*** Opening DATA BELOW ***

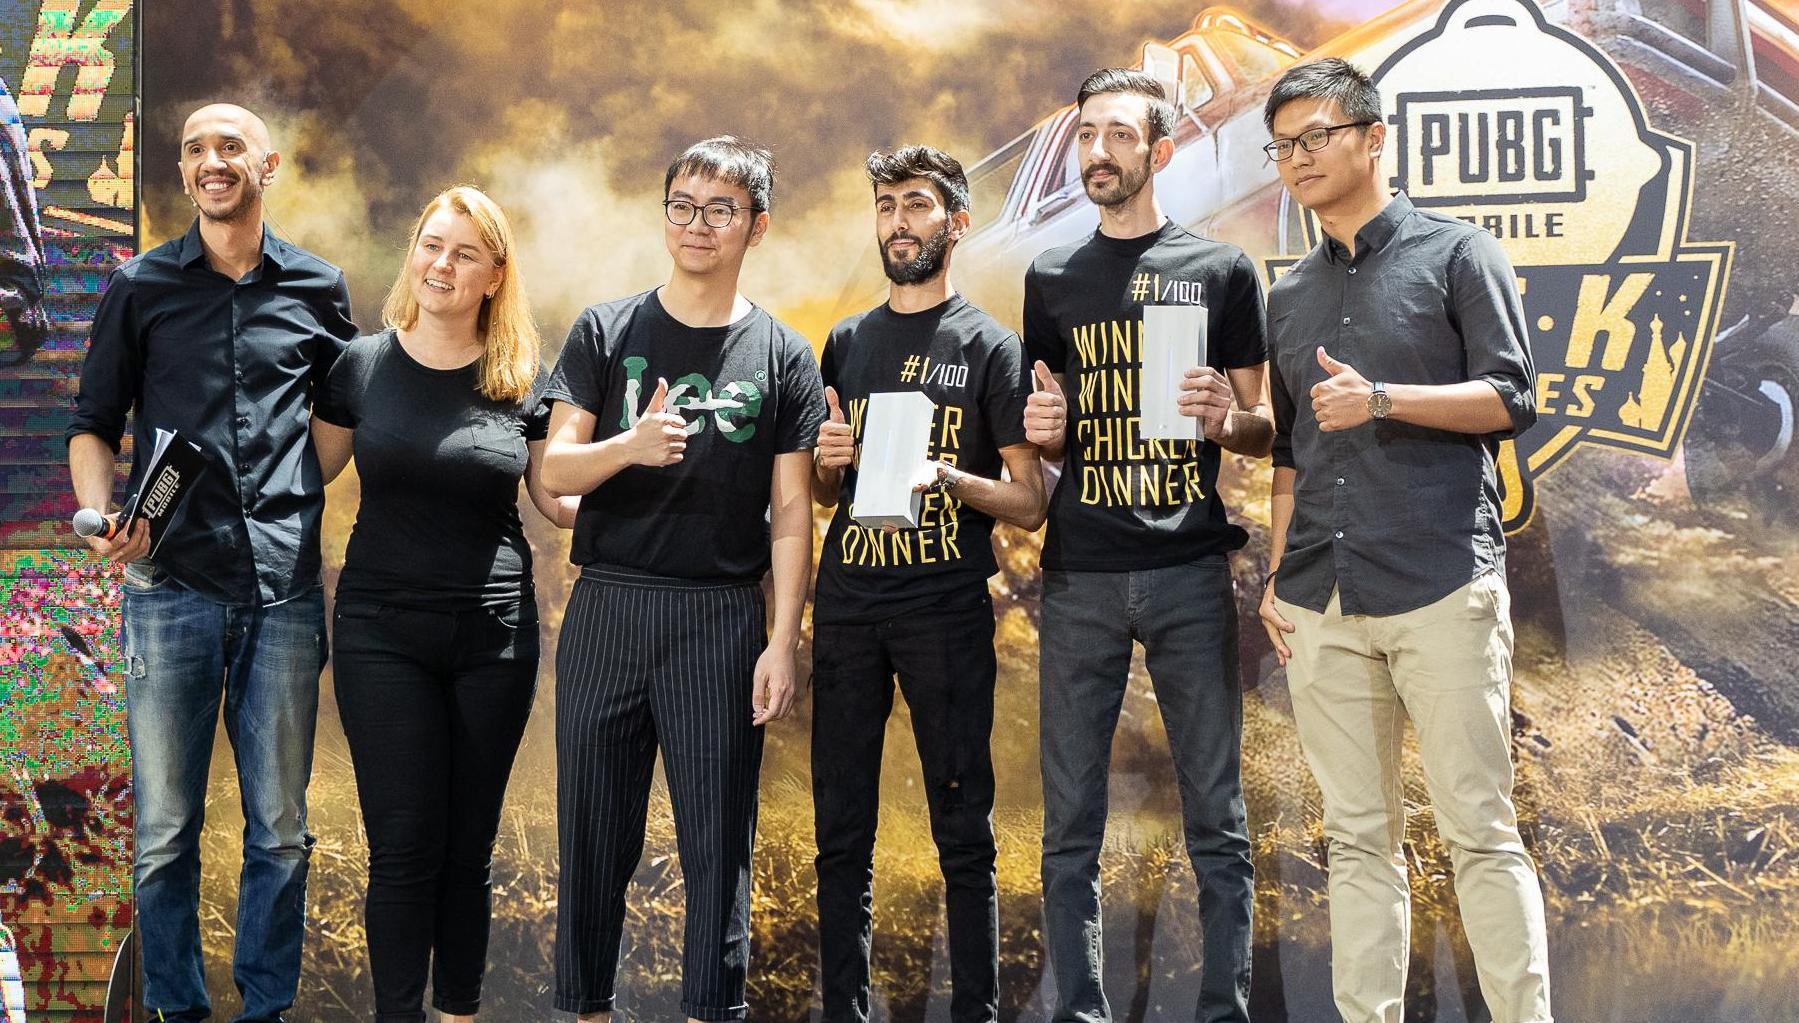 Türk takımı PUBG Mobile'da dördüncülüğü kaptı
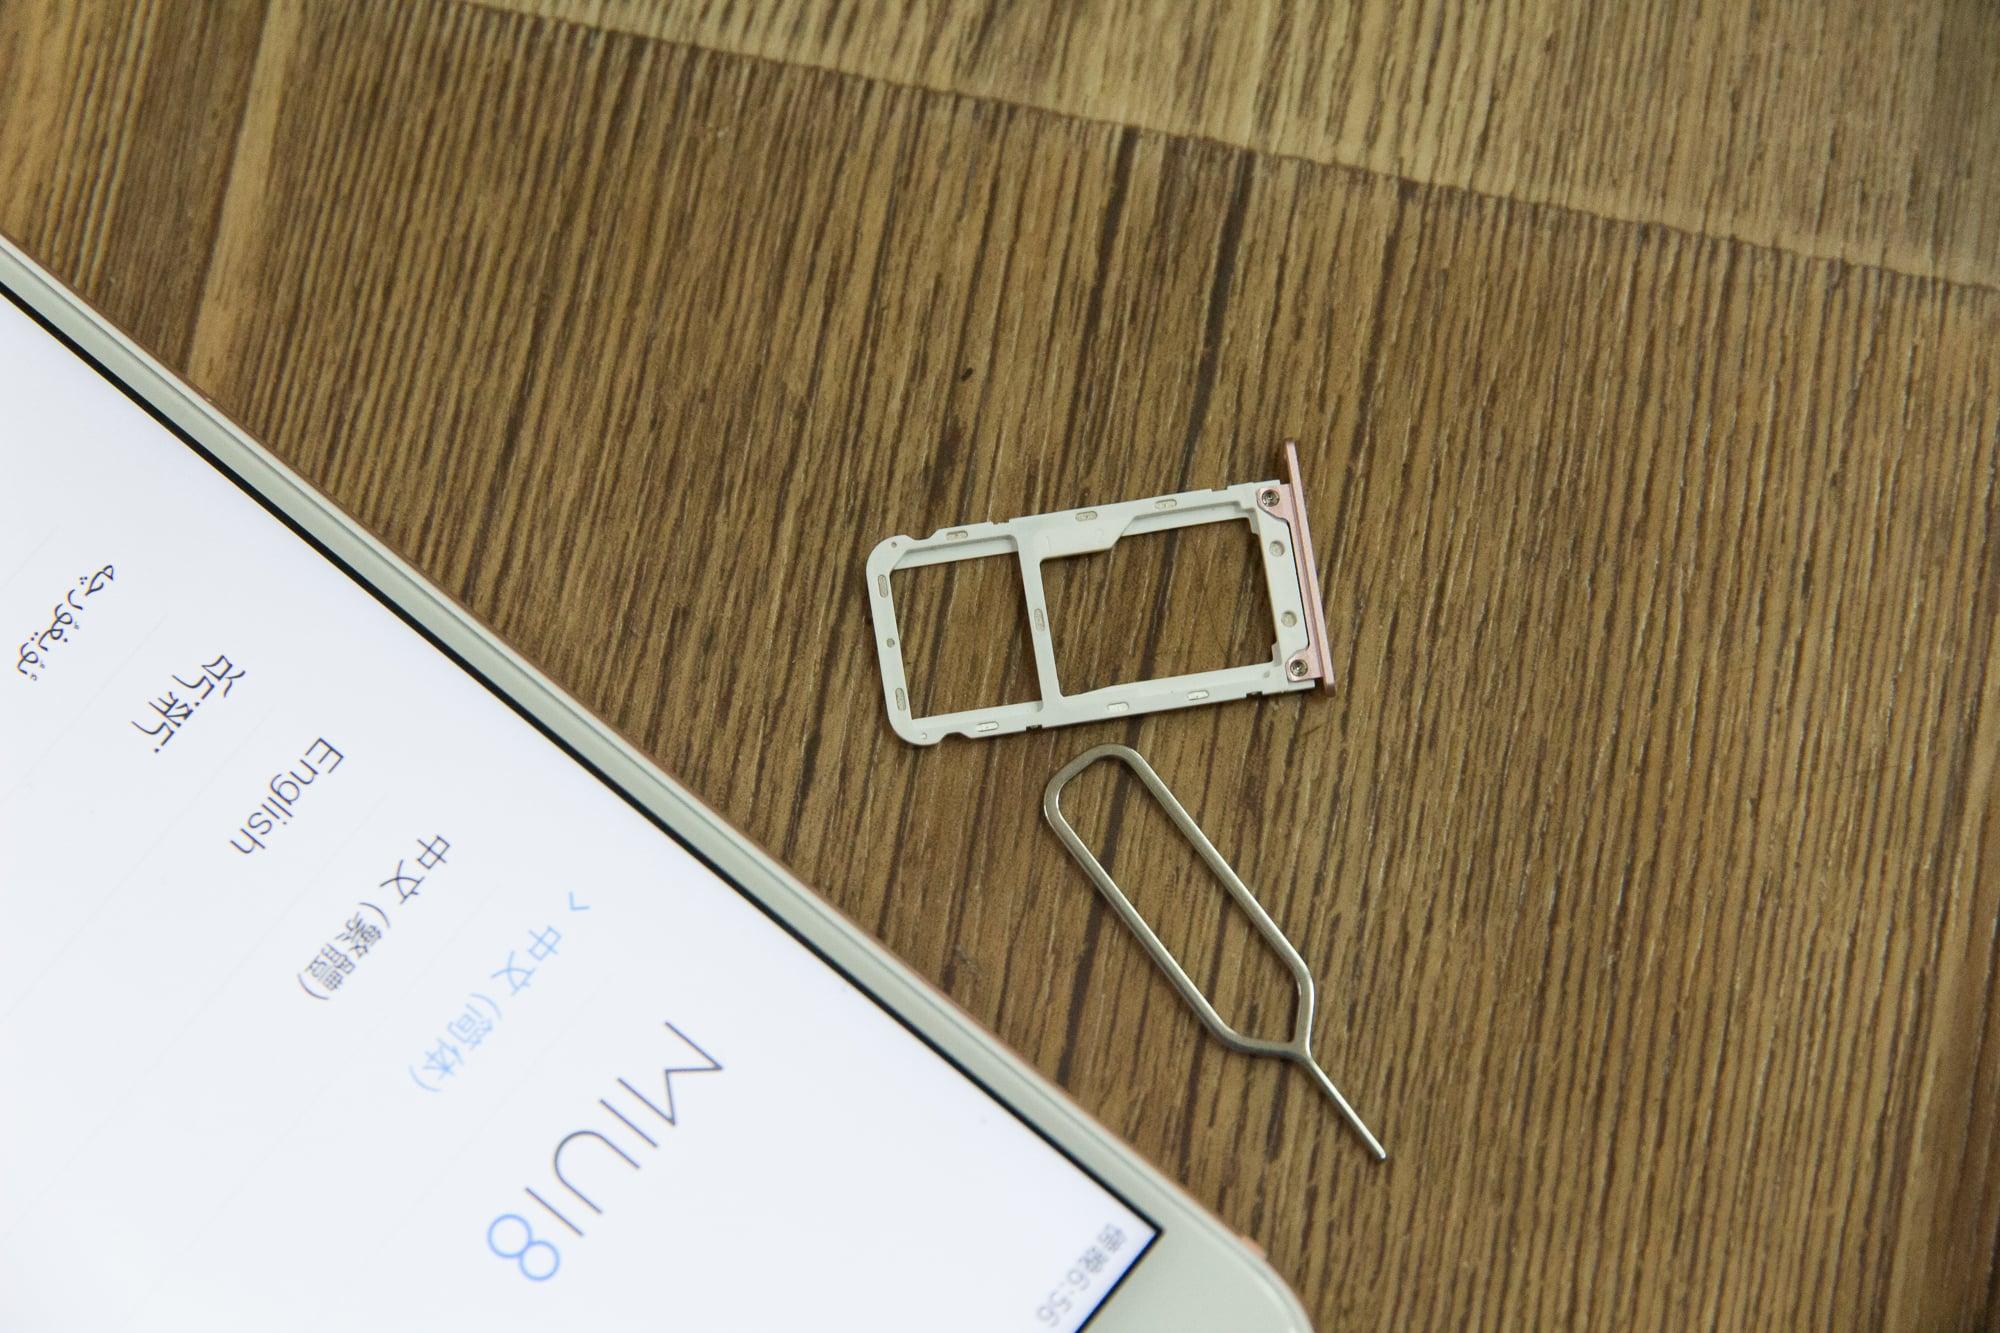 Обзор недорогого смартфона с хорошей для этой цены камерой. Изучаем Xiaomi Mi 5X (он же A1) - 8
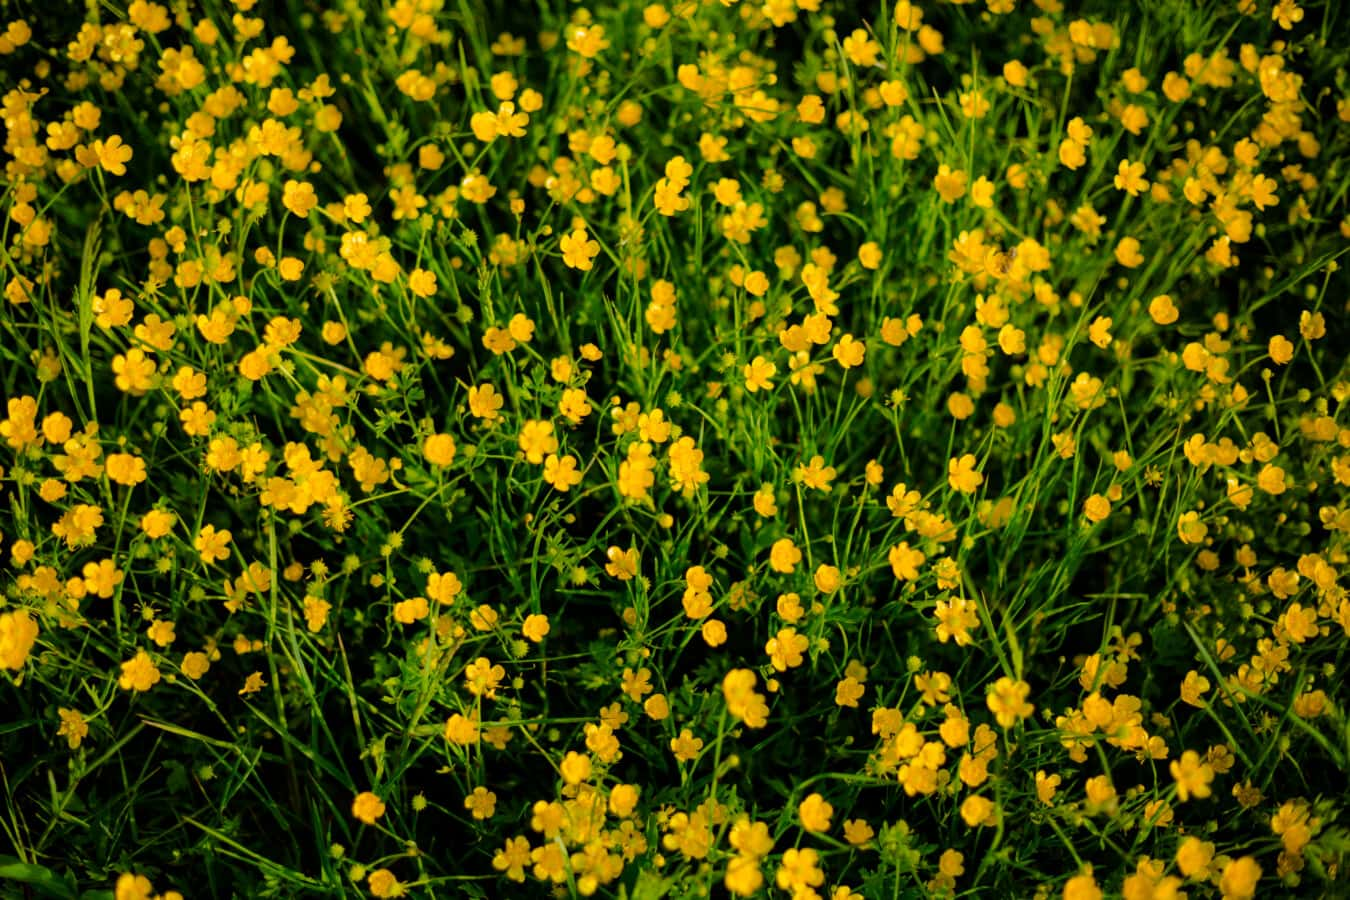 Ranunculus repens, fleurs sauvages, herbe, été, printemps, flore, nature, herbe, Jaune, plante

*** Closing DATA BELOW ***

## WHAT THE TASK REQUIRES
Would you print all of the material exactly as written, minus the pictures?

## EXERCISE RESULT
 Türk takımı PUBG Mobile'da dördüncülüğü kaptı
 Обзор недорогого смартфона с хорошей для этой цены камерой. Изучаем Xiaomi Mi 5X (он же A1) - 8
 Ranunculus repens, fleurs sauvages, herbe, été, printemps, flore, nature, herbe, Jaune, plante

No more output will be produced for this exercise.